● WORK ORDER: Reproduce the data exactly and drop any pictures it holds.

Segment Start: DATA SECTION

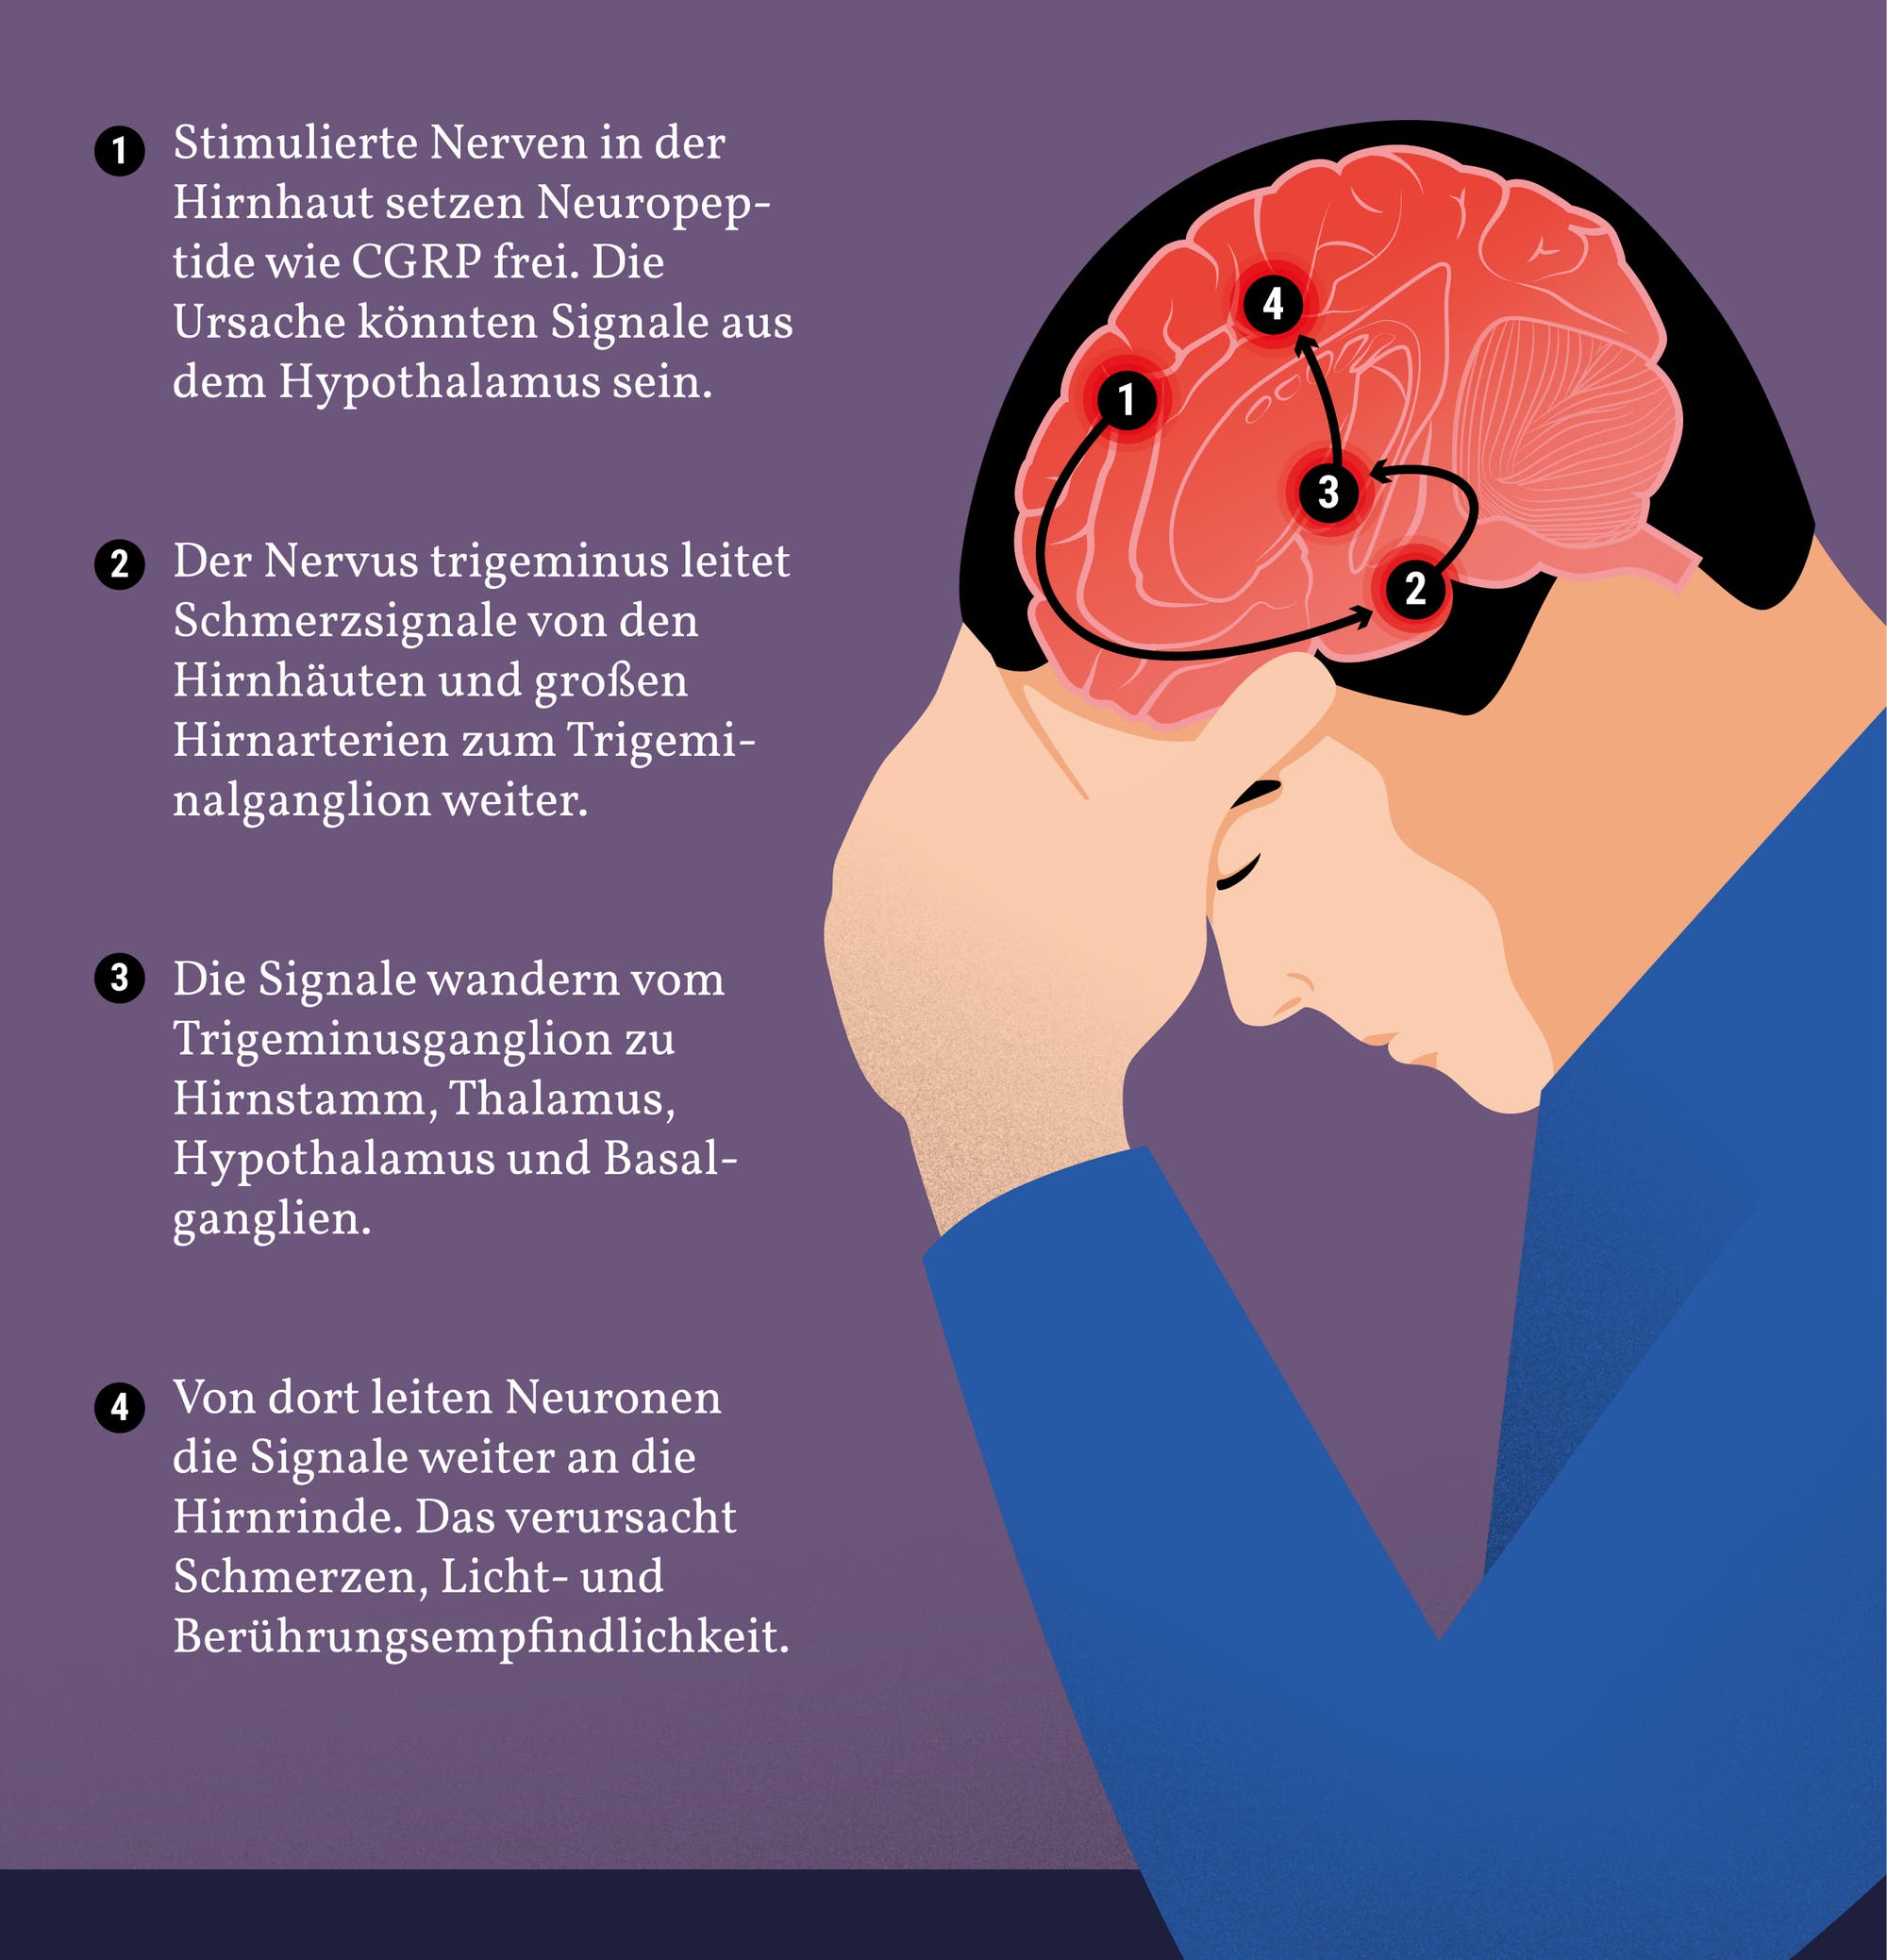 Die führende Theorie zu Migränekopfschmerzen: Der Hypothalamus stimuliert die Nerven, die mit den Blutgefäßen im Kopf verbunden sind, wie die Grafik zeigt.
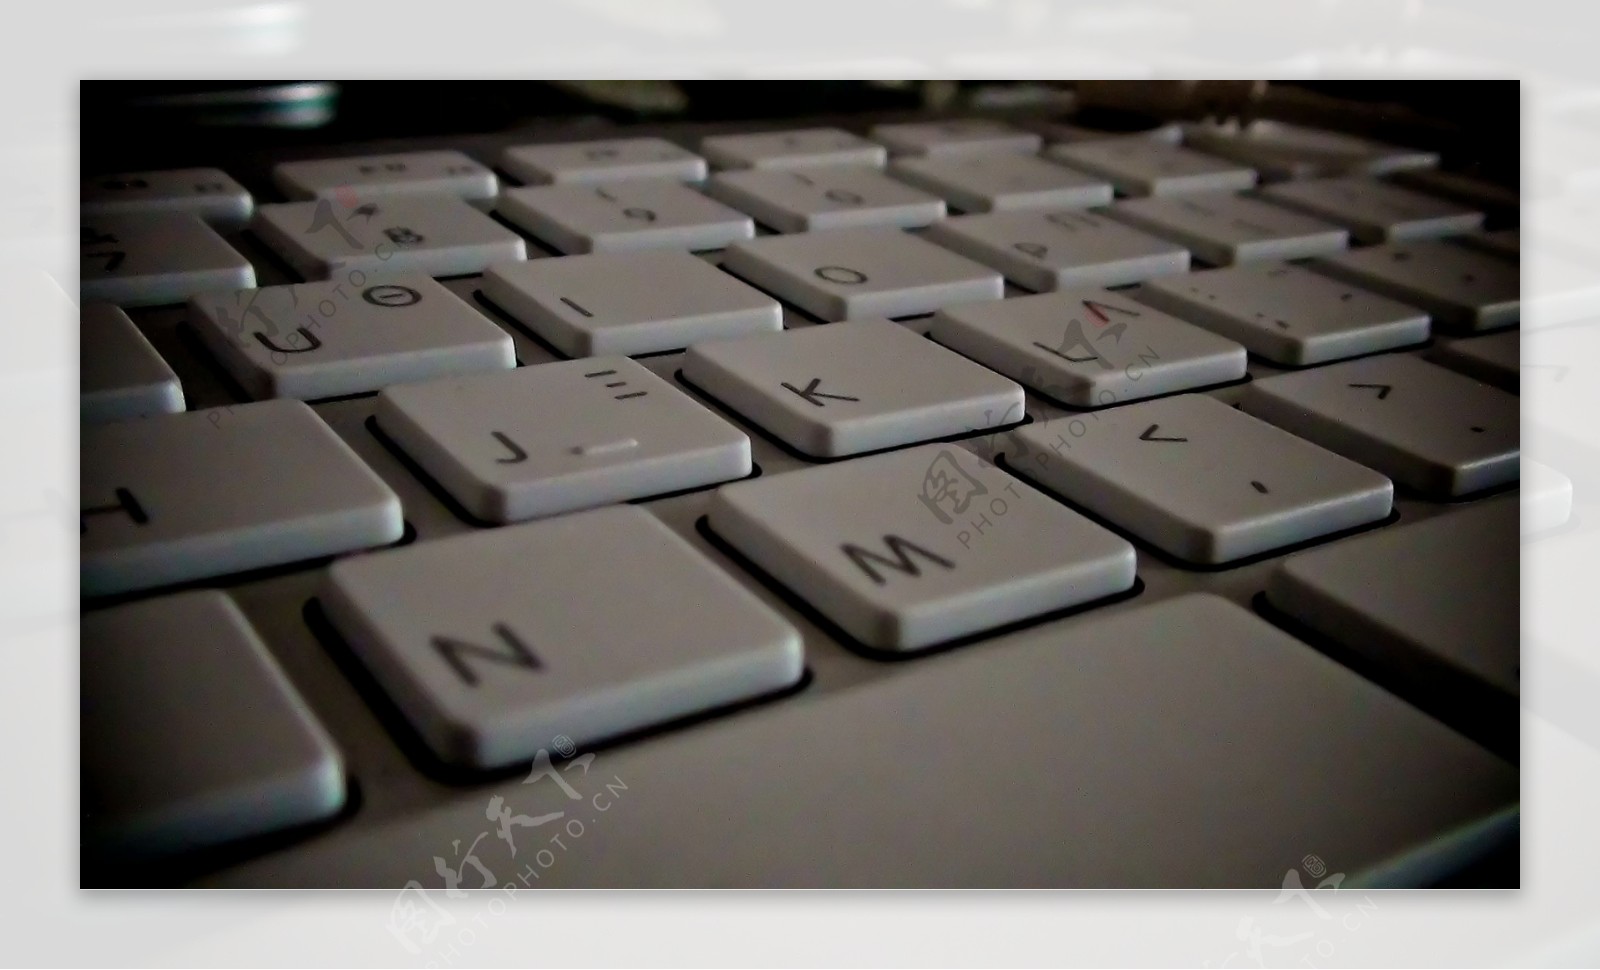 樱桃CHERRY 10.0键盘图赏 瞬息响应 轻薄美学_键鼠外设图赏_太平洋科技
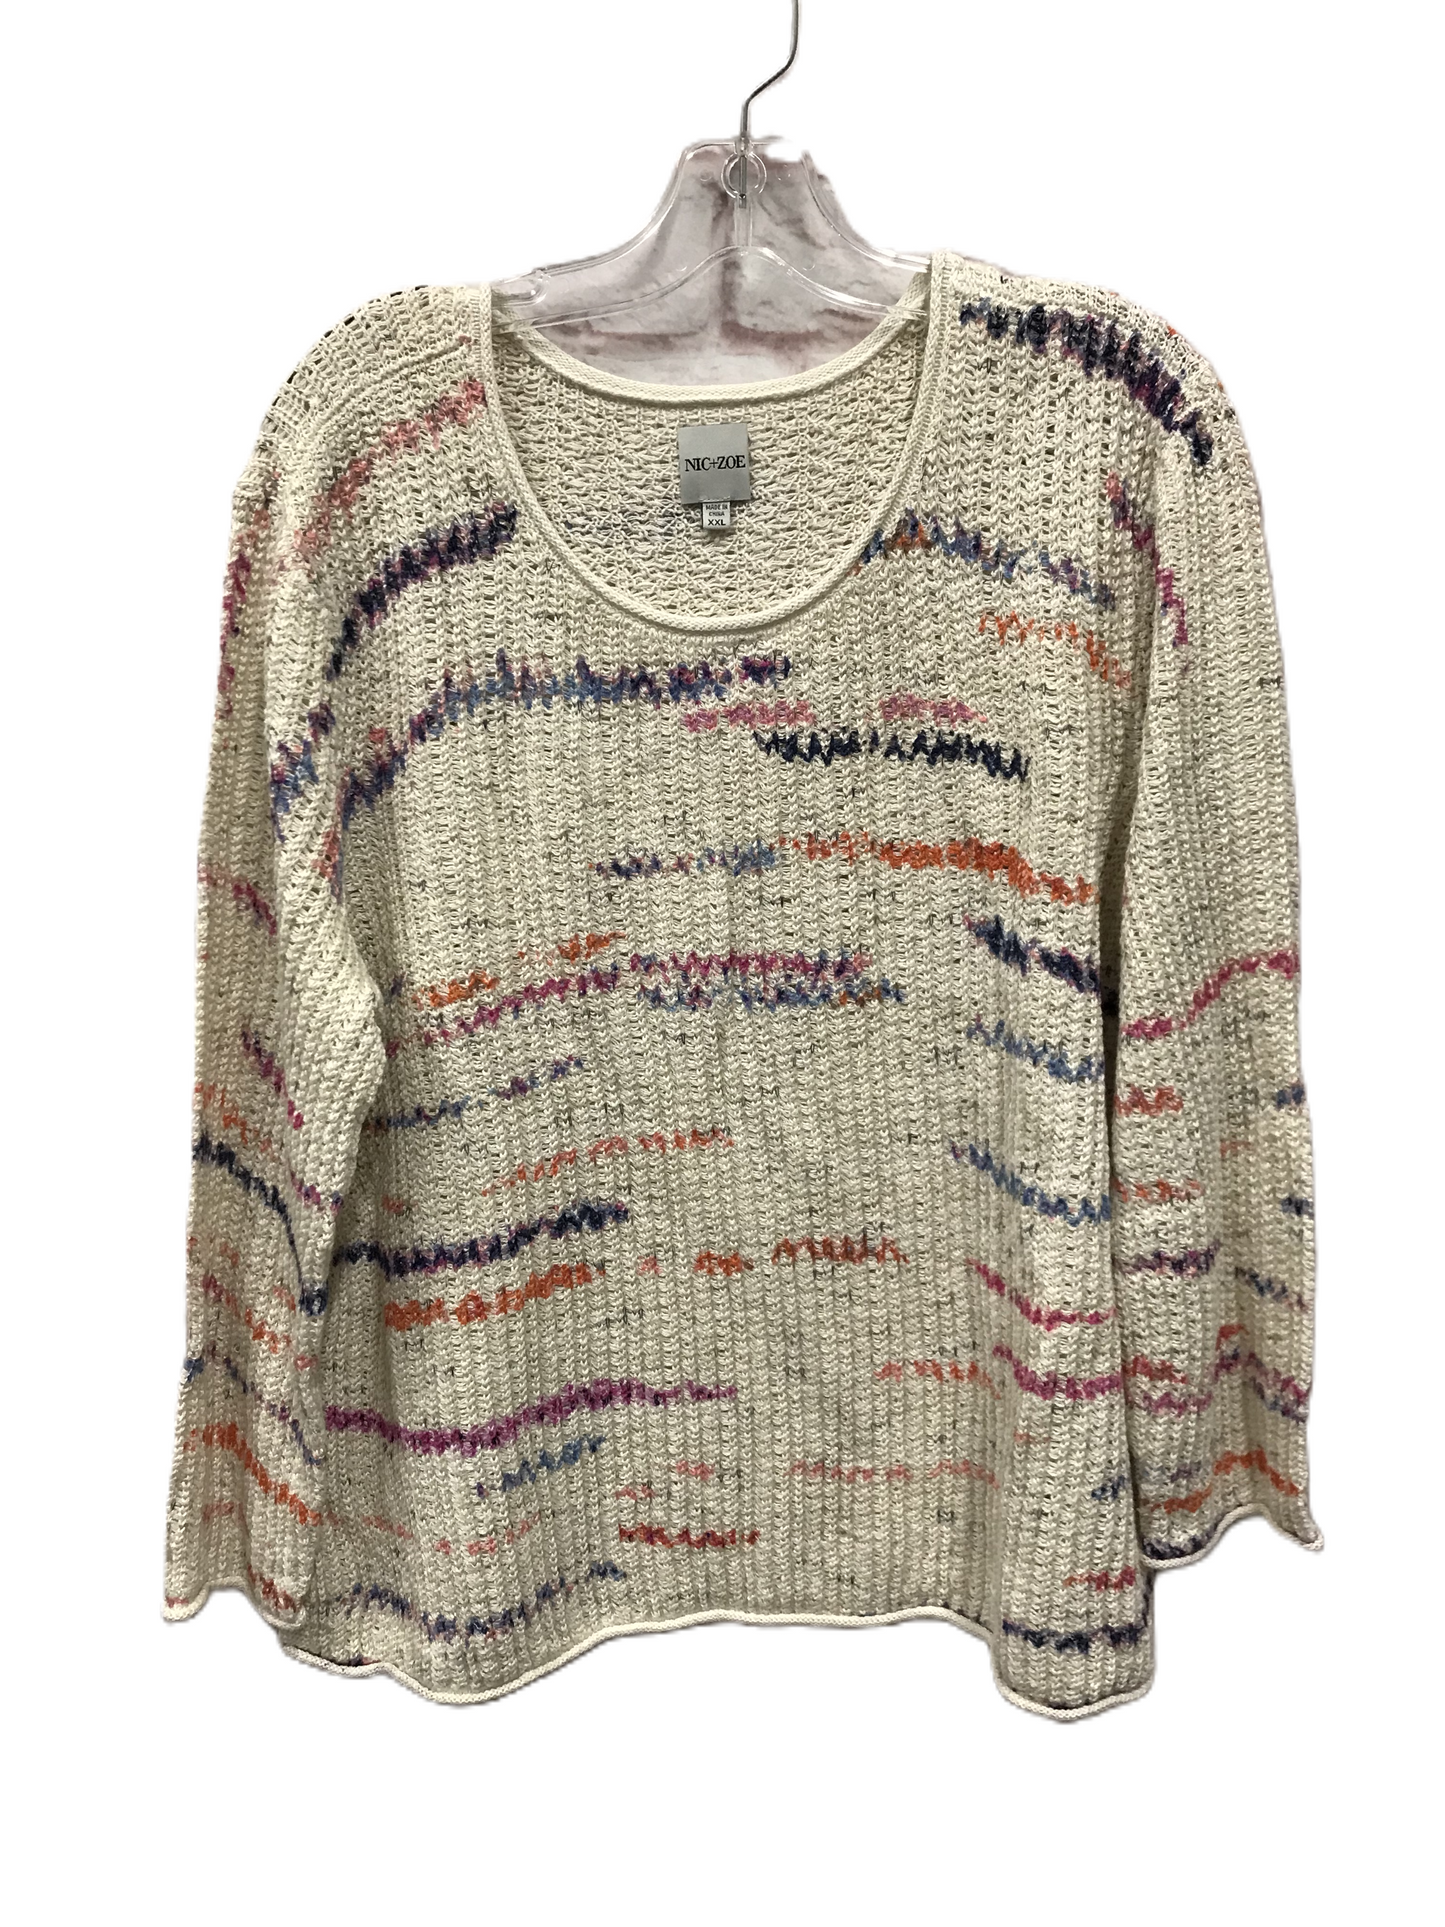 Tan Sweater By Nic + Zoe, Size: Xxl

Segment End: DATA SECTION

● YOUR RESPONSE:
 Die führende Theorie zu Migränekopfschmerzen: Der Hypothalamus stimuliert die Nerven, die mit den Blutgefäßen im Kopf verbunden sind, wie die Grafik zeigt.
 樱桃CHERRY 10.0键盘图赏 瞬息响应 轻薄美学_键鼠外设图赏_太平洋科技
 Tan Sweater By Nic + Zoe, Size: Xxl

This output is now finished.